It wasn't all Muslims. Most gave their religion mere lip service. But radical, fundamentalist Islam required jihad, a war of annihilation against Christians, Jews, and Western culture and modernity. It was a lethal virus in the global body politic. It was an unholy war, and it was winner take all. There could be no truce, no cease-fire, no
hudna,
as it was known in Arabic. You were either on offense, or you were losing. Fast or slow, it didn't matter, and time was not on your side.
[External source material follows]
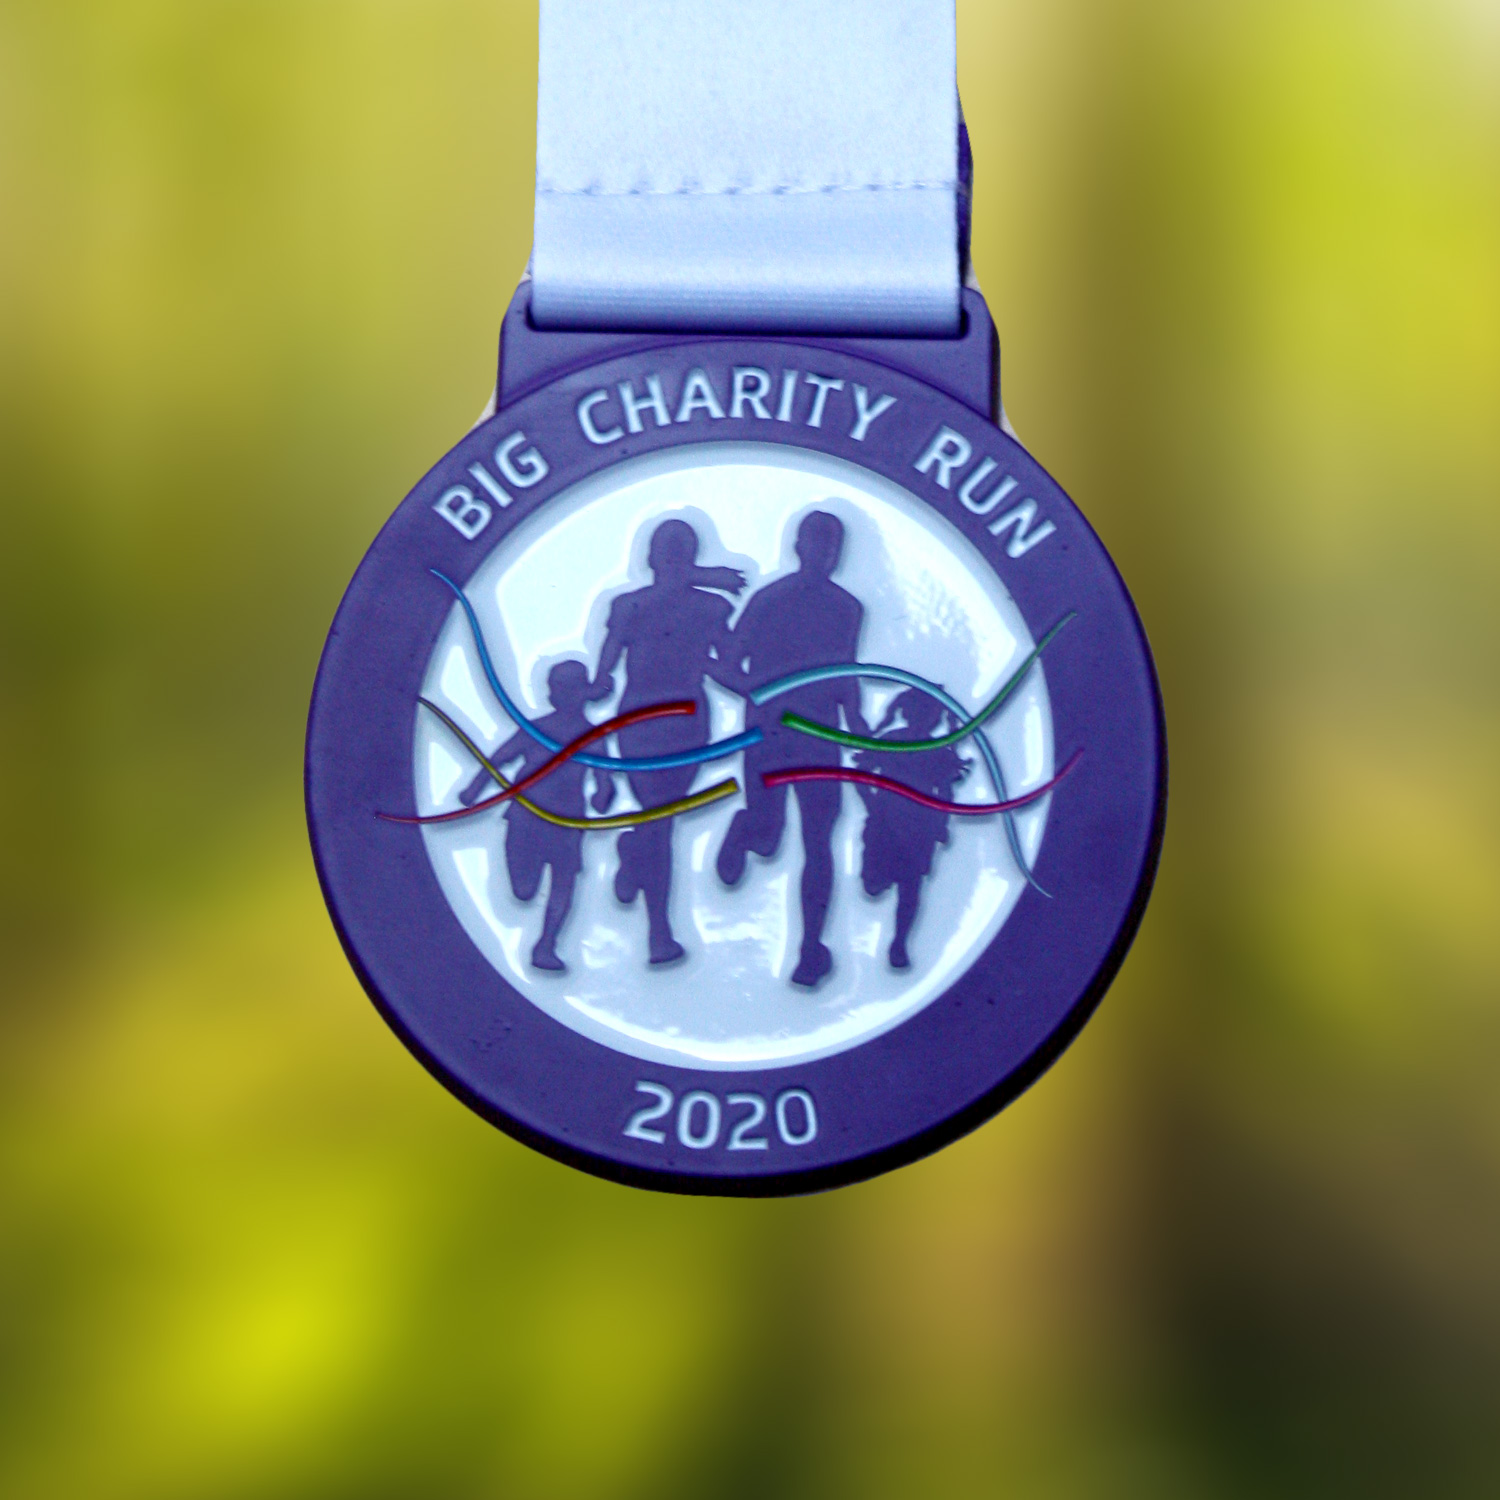 The Big Charity Run 2020 medal

He couldn't just lie there and do nothing. Friends of his—men and women willing to put their lives on the line to protect him—were being slaughtered. Last time it was Deek Black. This time it was Mancuso. But it could have been McCoy. It could have been him. At least the last time he'd gone down fighting. At least the last time he'd tried to fight back. Bennett could feel his heart racing. His hands were trembling. His face felt hot. A surge of anger so intense and so foreign it scared him even more began forcing its way to the surface.

The thoughts rushing through Bennett were alien to everything he'd been taught to believe. They smacked of the very intolerance and judgmentalism he'd been so relentlessly warned against back at Georgetown and Harvard. But what was “tolerance” in the face of terror? Wasn't it surrender? Wasn't it social suicide?
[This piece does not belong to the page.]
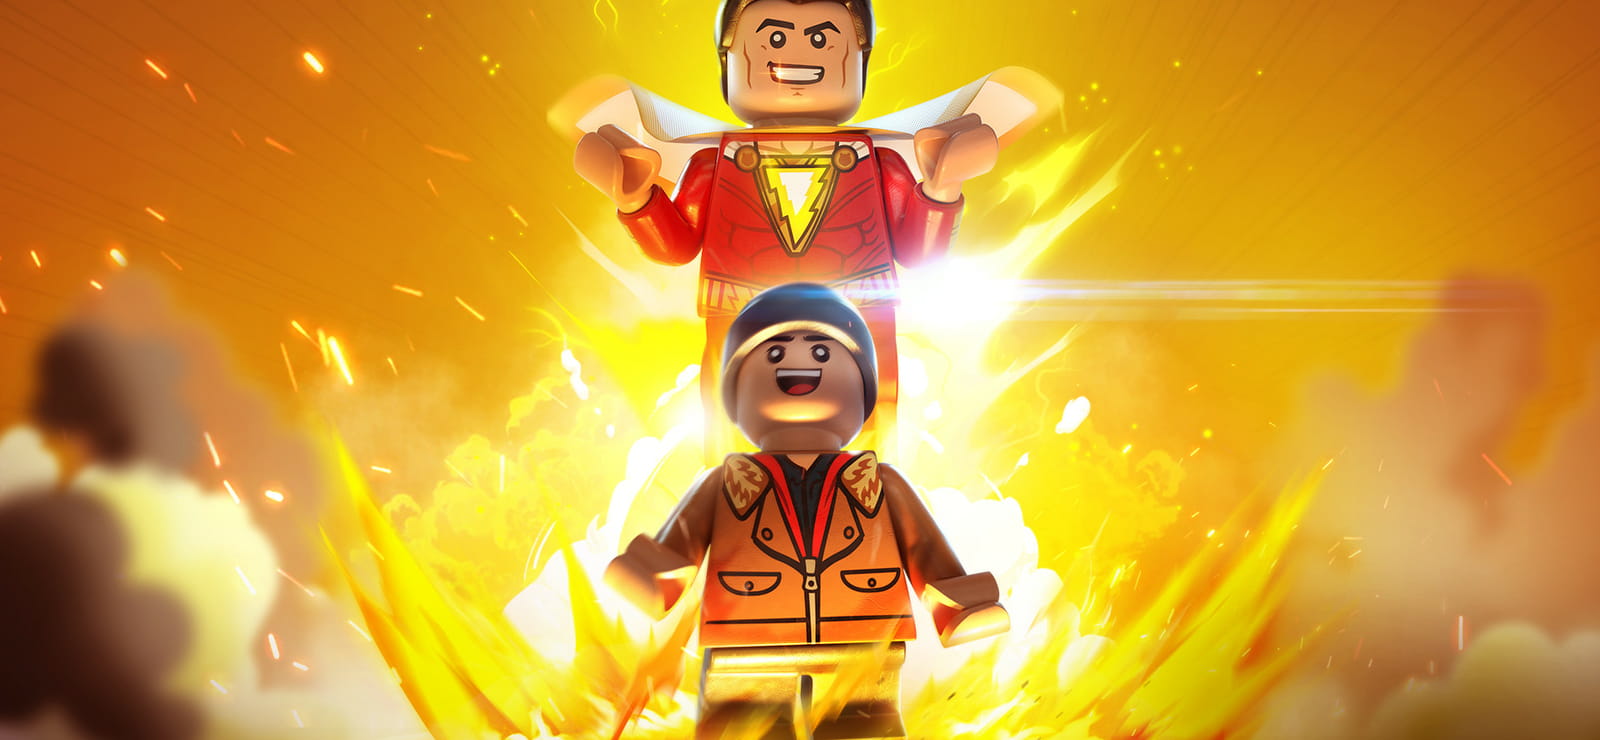 LEGO® DC Super-Villains Shazam! Movie Level Pack 1 & 2

Suddenly—without warning—Bennett began to move. He grabbed the machine gun, scrambled out from under the limousine, and took aim at the two hooded men who'd just shot Mancuso. Now they were charging at him. It was kill or be killed. It was winner take all, and he could see fire coming from the barrels of their AK-47s. He'd been here before. He'd looked into a killer's eyes. Bennett raised the AK-47, pulled the trigger and didn't let go. In a fraction of second, he emptied the entire clip, riddling the two men with dozens of rounds until they collapsed just fifteen or twenty yards away. They were screaming and thrashing about in pain and rage. And then, their bodies and screams went silent.

McCoy was stunned. She just stood there, mesmerized by the two lifeless bodies, taken off guard by Bennett's sudden engagement.

“Erin, we can't stay here—we've got to move out now.”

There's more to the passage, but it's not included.